🤖 AI Summary
In drug regulation, the “two-trial rule” mandates statistical significance in both pivotal trials to support efficacy claims; however, conventional methods—such as fixed-effects meta-analysis—fail to ensure coherence among hypothesis testing, effect estimation, and confidence interval construction under this rule. This paper introduces the first unified p-value combination framework that intrinsically integrates the two-trial rule with effect estimation. We propose a compatible inference method with closed-form solutions and systematically analyze the asymptotic properties of six classical p-value combination methods—including Wilkinson’s and Stouffer’s. Theoretically, all methods consistently estimate the true effect under effect homogeneity; under heterogeneity, their bias patterns are analytically characterized. Notably, Edgington’s method yields confidence intervals that always cover at least one individual trial’s effect estimate.
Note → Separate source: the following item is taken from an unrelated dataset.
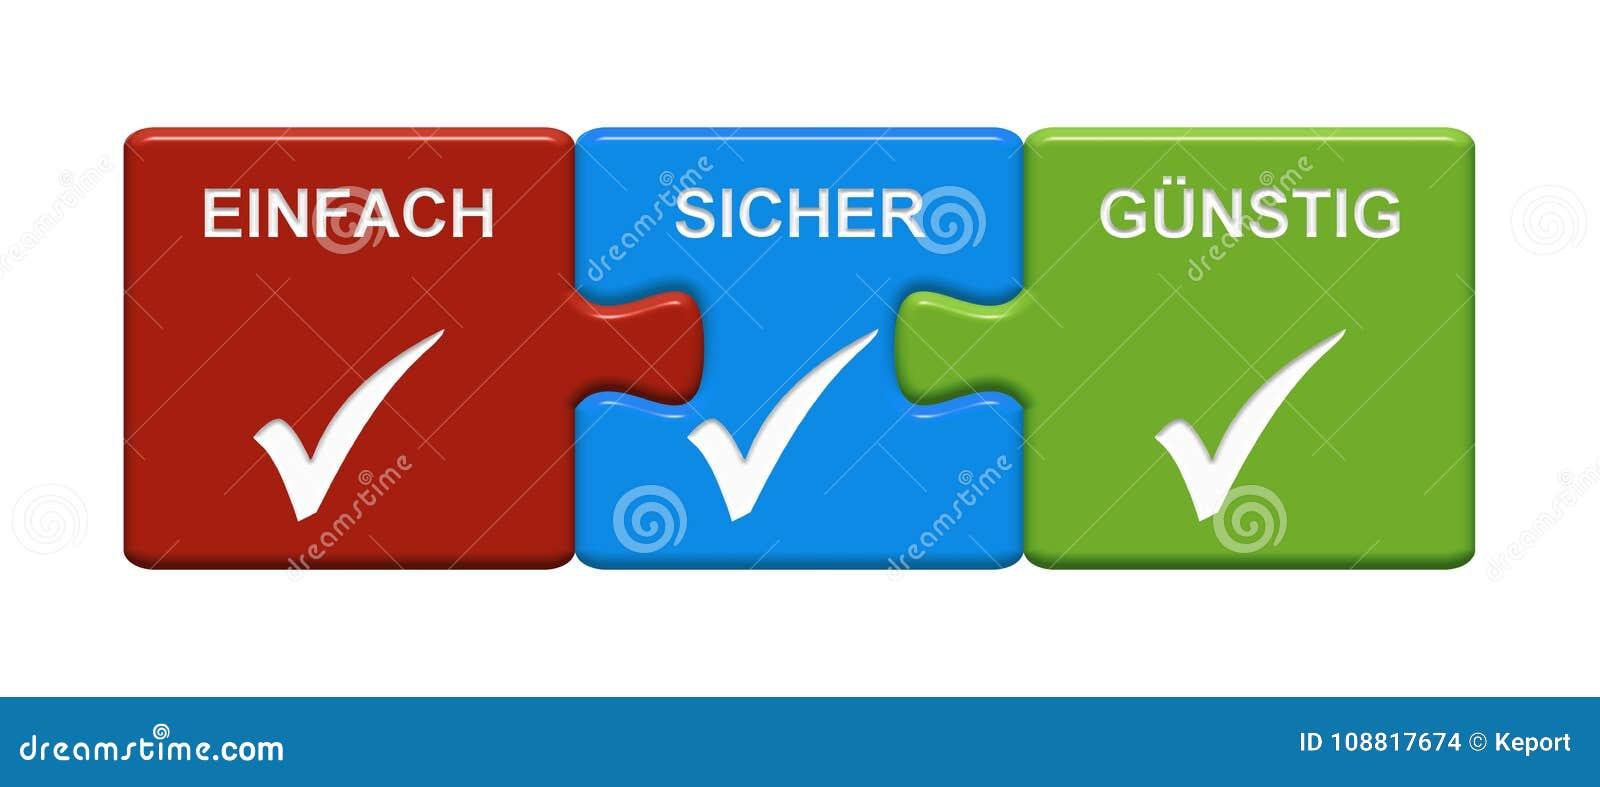 3 κουμπιά γρίφων που παρουσιάζουν εύκολα ασφαλή φτηνά γερμανικά

The proposed methodology is implemented in the R package *twotrials*.
📝 Abstract
The two-trials rule in drug regulation requires statistically significant results from two pivotal trials to demonstrate efficacy. However, it is unclear how the effect estimates from both trials should be combined to quantify the drug effect. Fixed-effect meta-analysis is commonly used but may yield confidence intervals that exclude the value of no effect even when the two-trials rule is not fulfilled. We systematically address this by recasting the two-trials rule and meta-analysis in a unified framework of combined p-value functions, where they are variants of Wilkinson's and Stouffer's combination methods, respectively. This allows us to obtain compatible combined p-values, effect estimates, and confidence intervals, which we derive in closed-form. Additionally, we provide new results for Edgington's, Fisher's, Pearson's, and Tippett's p-value combination methods. When both trials have the same true effect, all methods can consistently estimate it, although some show bias. When true effects differ, the two-trials rule and Pearson's method are conservative (converging to the less extreme effect), Fisher's and Tippett's methods are anti-conservative (converging to the more extreme effect), and Edgington's method and meta-analysis are balanced (converging to a weighted average). Notably, Edgington's confidence intervals asymptotically always include individual trial effects, while meta-analytic confidence intervals shrink to a point at the weighted average effect. We conclude that all of these methods may be appropriate depending on the estimand of interest. We implement combined p-value function inference for two trials in the R package twotrials, allowing researchers to easily perform compatible hypothesis testing and parameter estimation.